I have also been having trouble finding R/BiomaRt code to help complete this task and would love any advice.

# Read excel file containing list of zebrafish genes and their human orthologs.
ortho_genes <- read_excel("/Users/talha/Desktop/Ortho_Gene_List.xlsx")
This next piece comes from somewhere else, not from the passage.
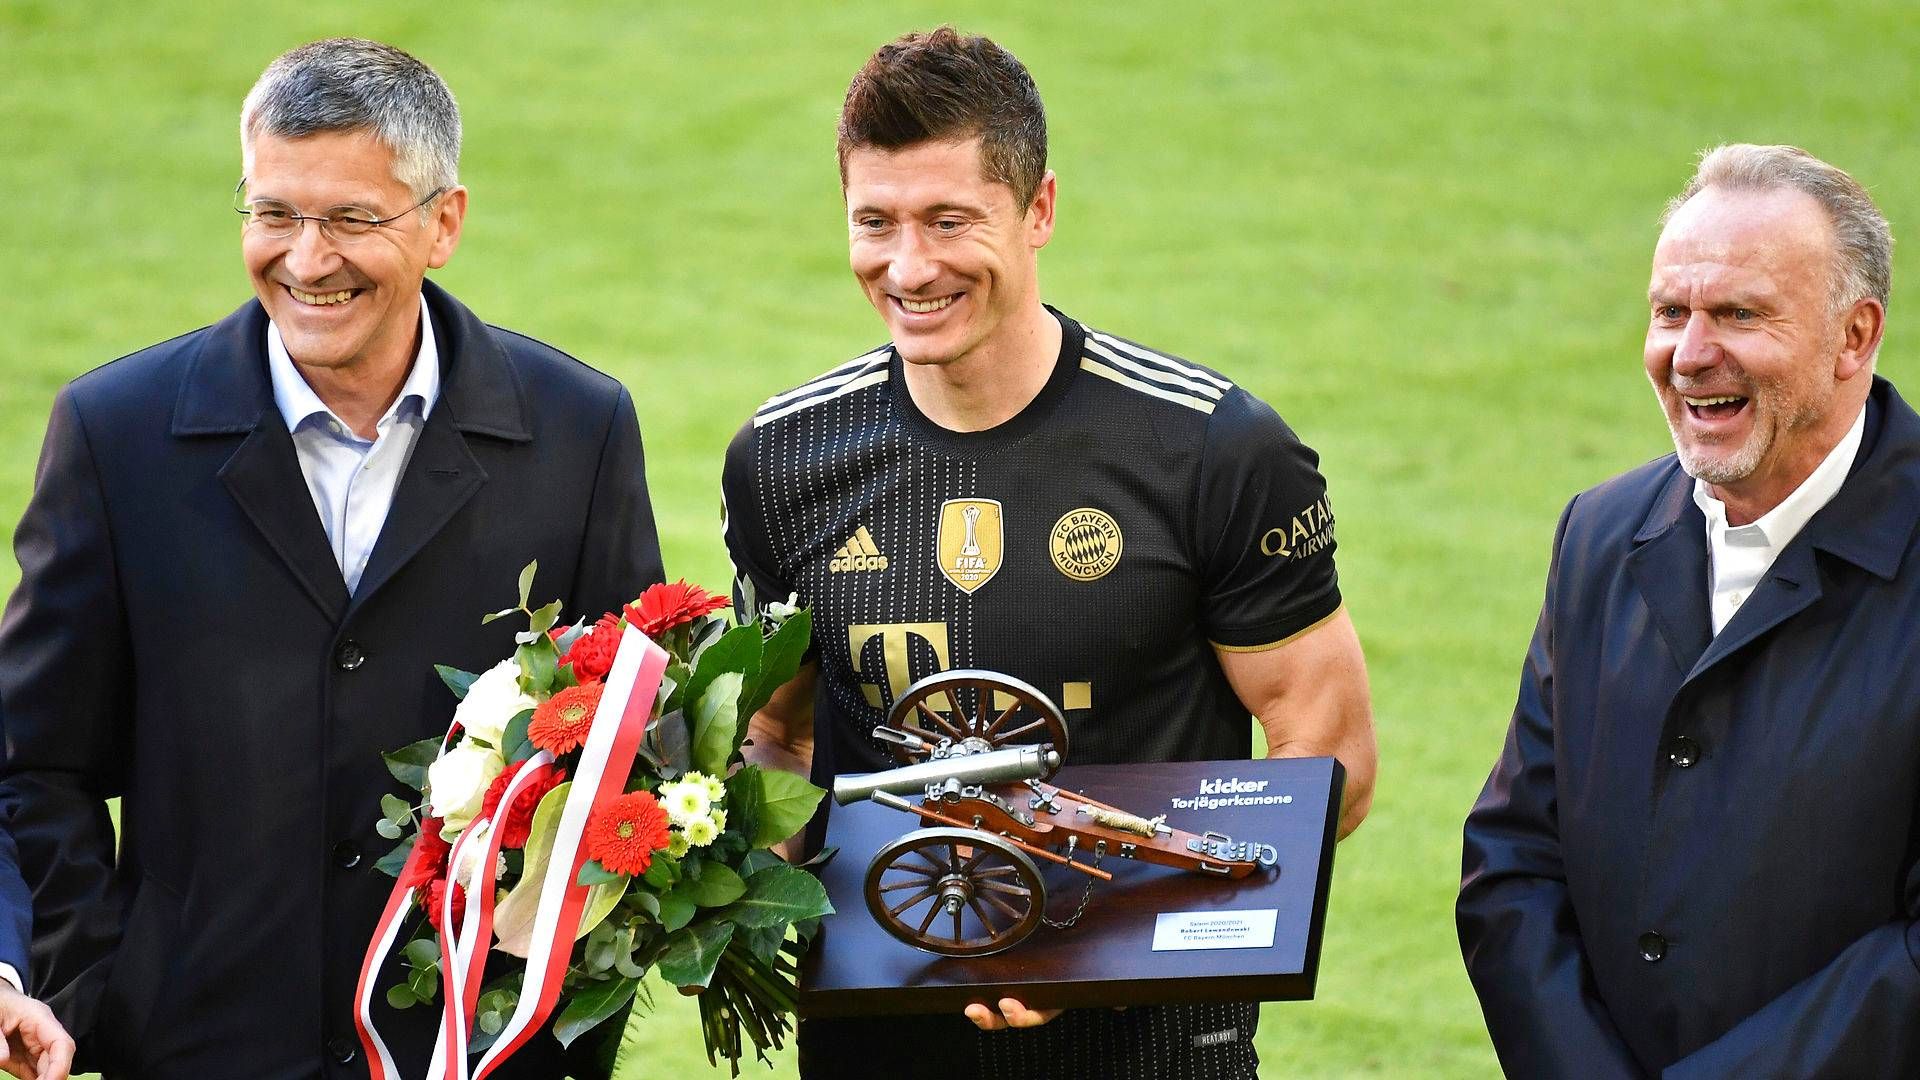 Nent håber, at Polens største fodboldstjerne, Robert Lewandowski, der sidste sæson blev Bundesligaens mest scorende og hjalp Bayern München med at vinde ligaen bliver et trækplaster for Viaplay. | Foto: Frank Hoermann/AP/Ritzau Scanpix

# Separate data from excel file into lists.
zebrafish <- ortho_genes$`Zebra Gene Name`
human <- ortho_genes$`Human Gene Name`

# Read sample list of differential expressed genes
sample_list <- c("GREB1L","SIN3B","NCAPG2","FAM50A","PSMD12","BPTF","SLF2","SMC5", "SMC6", "TMEM260","SSBP1","TCF12", "ANLN", "TFAM", "DDX3X","REG3G")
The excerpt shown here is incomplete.